Bar
Photo: Bruce Van Inwegen
For many homeowners, it's an answer to the old, 'Every time I have a party, everyone ends up in the kitchen,'" says Jay Haverson, a Greenwich, Connecticut, architect who has designed half-a-dozen built-in bars in the last year. But that mental image of a paneled basement rec room, foosball tables, and Uncle Herman's beer mug collection? Forget it. Today's bars sit in high-visibility areas off the kitchen or great room and often feature custom cabinets and top-of-the-line fixtures and fittings. Some are plumbed butler's pantries that stand ready to serve up snacks and hors d'oeuvres, while others are nothing more than doorless closets with access to a waterline. And there's still a call for sit-down bars—whether connected to the kitchen or a home theater.
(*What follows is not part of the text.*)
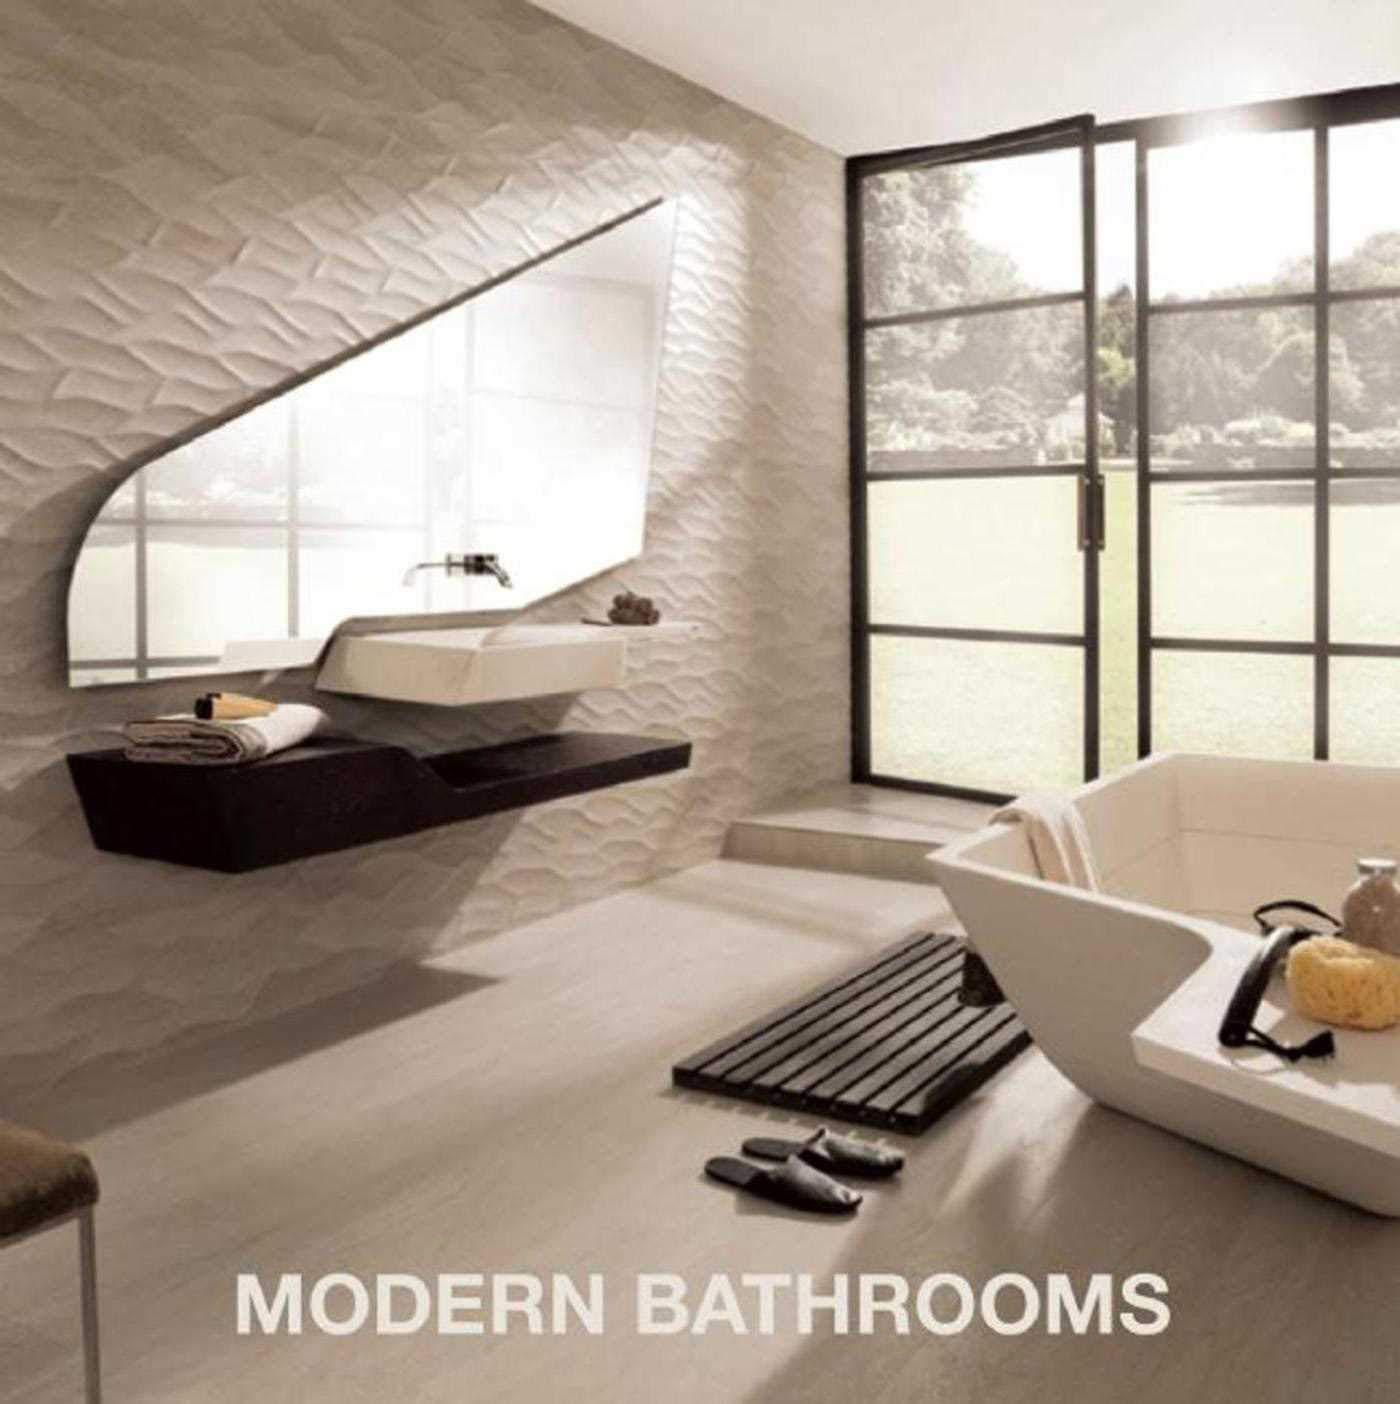 Modern Bathrooms Publications Loft 9781510704510 Amazon Com Books

Wet or dry, large or small, built-in bars suit time-pressed homeowners who want an inviting and accessible entertaining zone for friends and family—and who appreciate dedicated storage for all the accoutrements. Because behind those cabinet doors aren't just shot glasses and single malts, but also wine coolers, keggeries, icemakers, dishwashers, plasma televisions, and other accessories that transform an ordinary space into the life of the party.

Butler's Pantry Bar
Constructed as built-ins or to resemble oversized furniture pieces, these wall-spanning wet bars (sometimes called buffets) transform a transitional space near the kitchen or dining room into an efficient entertaining area. While it's obvious that upper cabinets hold wine glasses and beer steins, guests might not know that icemakers and bottle-cooling drawers are often concealed behind the fine cabinetry. And that's the idea: great-room polish with kitchen function. A long countertop with the sink positioned at one end makes party-food prep more convenient. Handsome stone countertops provide a durable, stain-resistant work surface that's easy to wipe clean. Often, materials are slightly upgraded from what's in the kitchen, since here they're on public view.

How's the Wiring?
Electrical capacity is an important reality check when designing a wet bar that's going to include appliances. Just as your plumber will work out waterline and drain access, an electrician will determine whether your circuit will be overloaded if you put in another fridge, microwave, or other energy-eaters. You might need to add a new circuit, and if your bar's going to include an oven, don't forget the 220-volt line. Also, plan as many electrical outlets as you'll need for small appliances such as a blender.